Aim of the task -
Exclude the images, then return every line below exactly as written.

Material for the task -
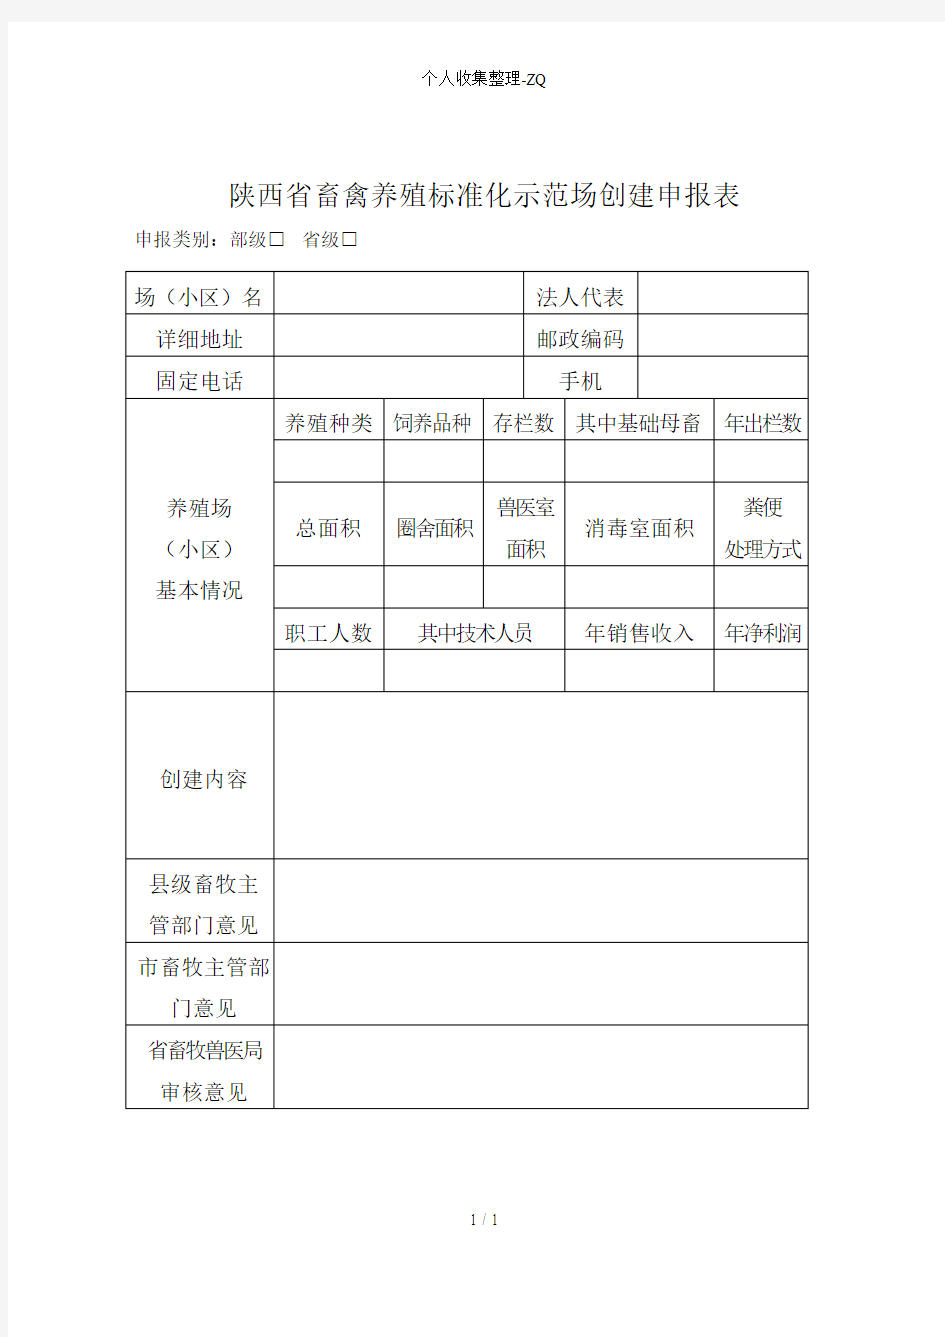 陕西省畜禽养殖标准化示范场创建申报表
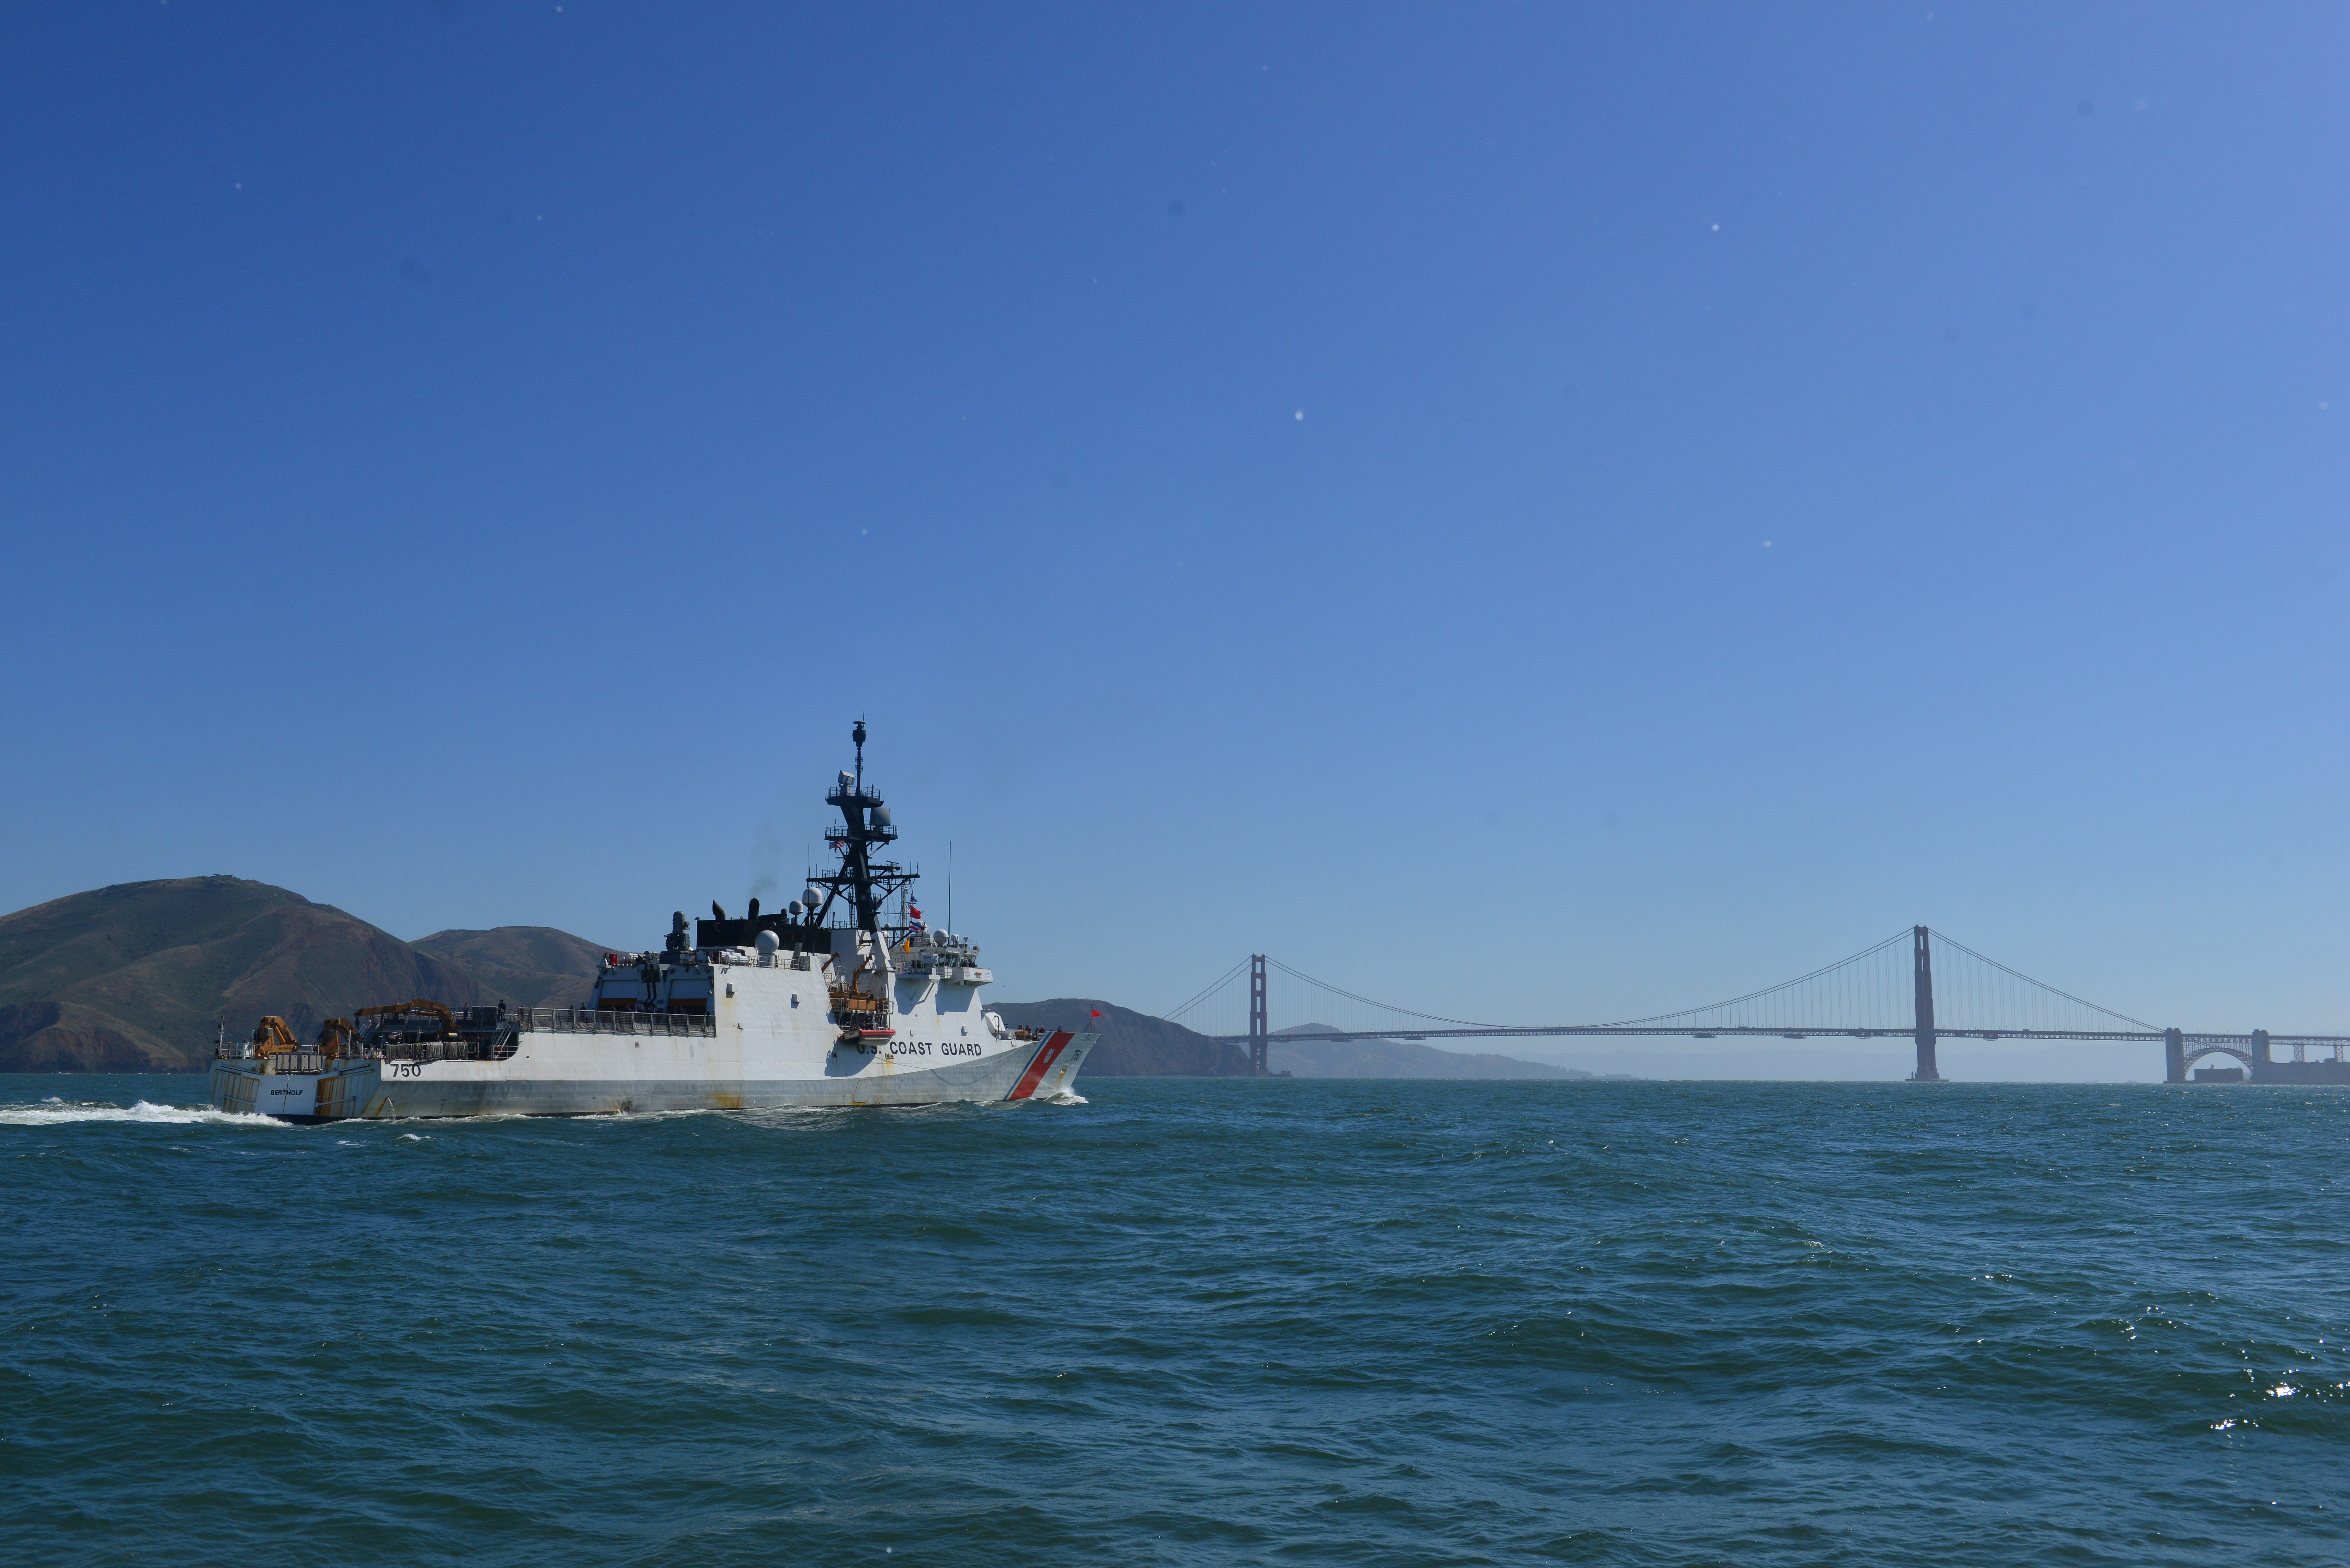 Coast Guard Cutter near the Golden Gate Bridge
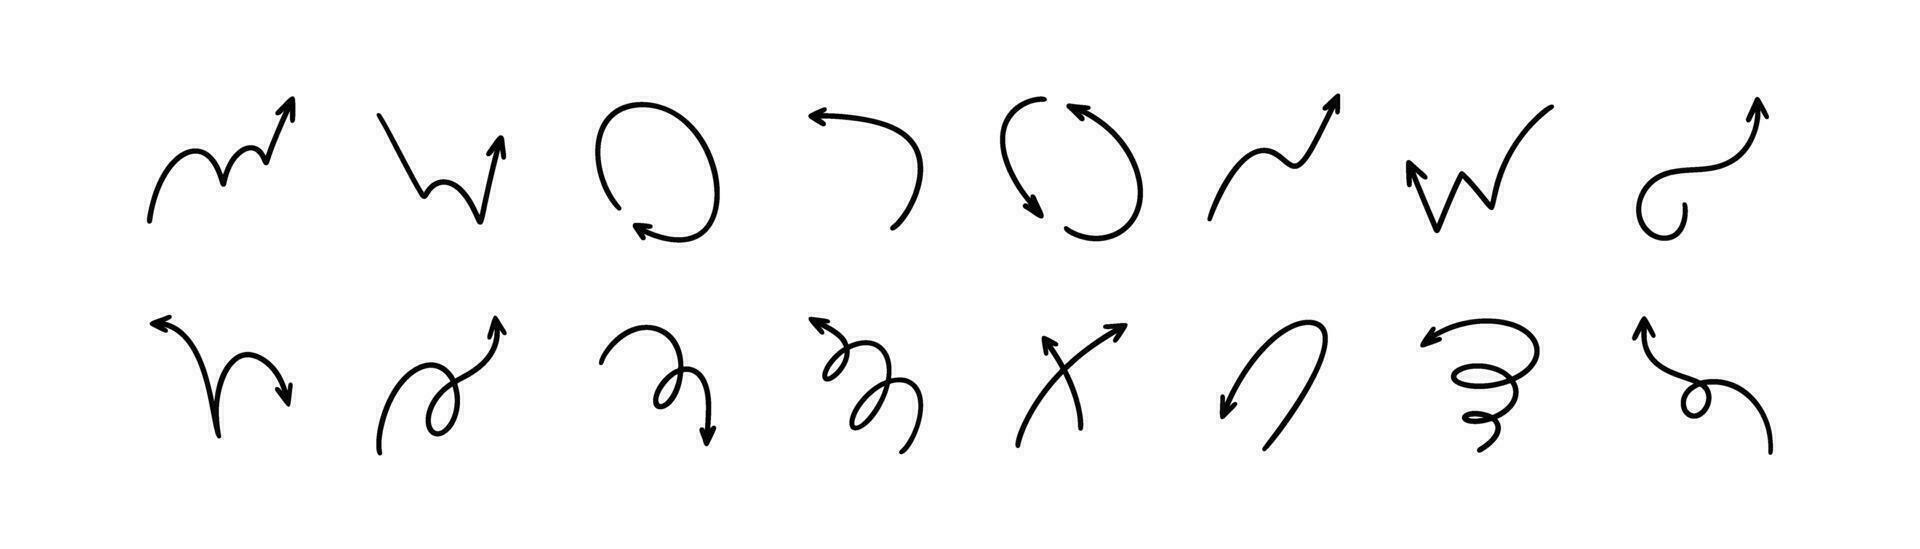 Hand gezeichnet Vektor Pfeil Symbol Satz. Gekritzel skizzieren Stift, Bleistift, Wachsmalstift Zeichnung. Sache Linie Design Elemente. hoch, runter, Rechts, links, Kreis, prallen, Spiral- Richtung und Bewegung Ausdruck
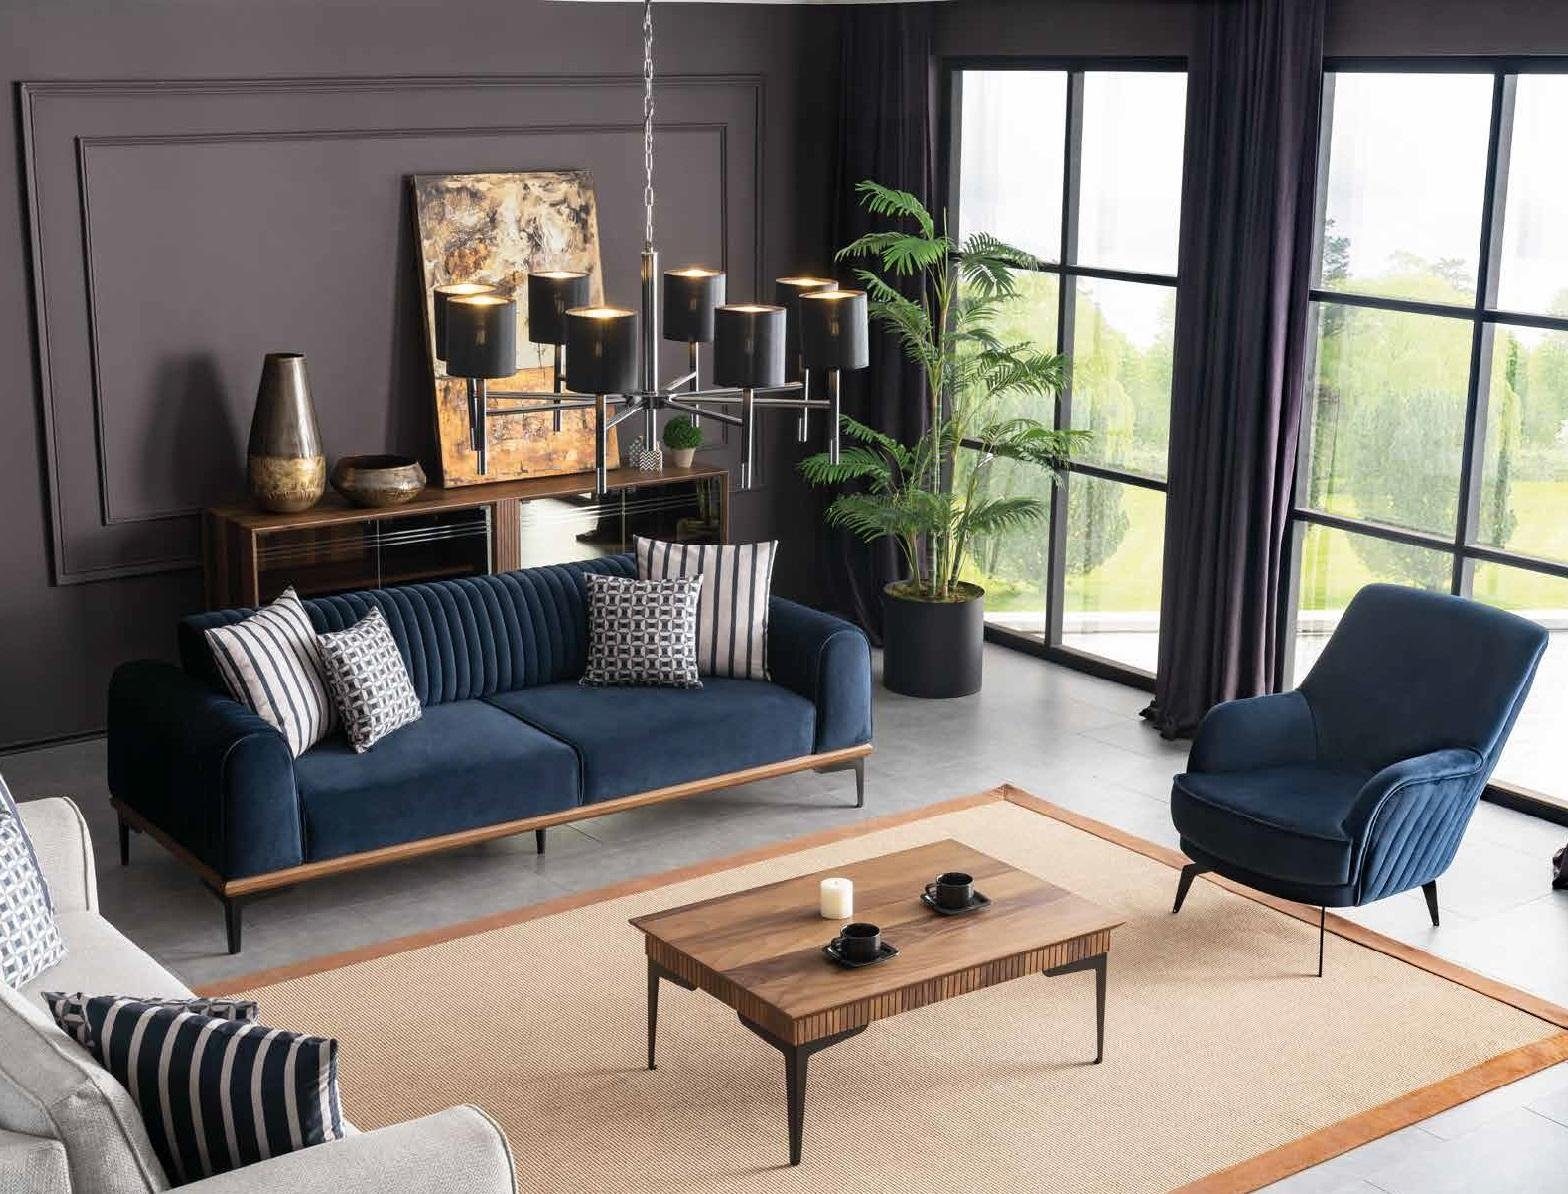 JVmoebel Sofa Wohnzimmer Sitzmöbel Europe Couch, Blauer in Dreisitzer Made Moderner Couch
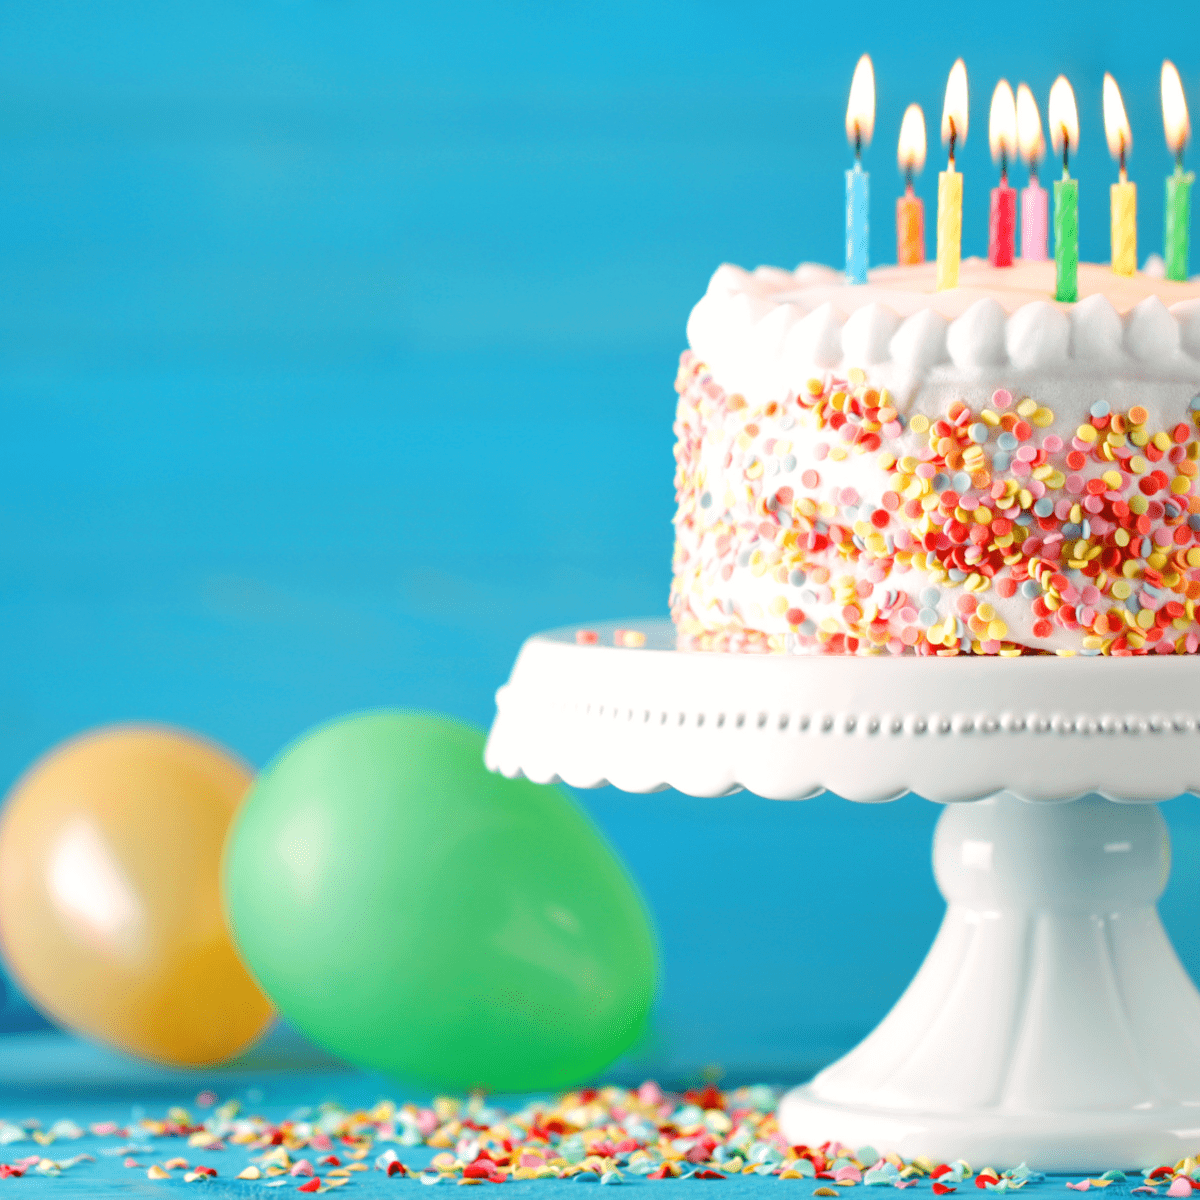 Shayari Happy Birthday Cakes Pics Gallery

Task result -
 陕西省畜禽养殖标准化示范场创建申报表
 Coast Guard Cutter near the Golden Gate Bridge
 Hand gezeichnet Vektor Pfeil Symbol Satz. Gekritzel skizzieren Stift, Bleistift, Wachsmalstift Zeichnung. Sache Linie Design Elemente. hoch, runter, Rechts, links, Kreis, prallen, Spiral- Richtung und Bewegung Ausdruck
 JVmoebel Sofa Wohnzimmer Sitzmöbel Europe Couch, Blauer in Dreisitzer Made Moderner Couch
 Shayari Happy Birthday Cakes Pics Gallery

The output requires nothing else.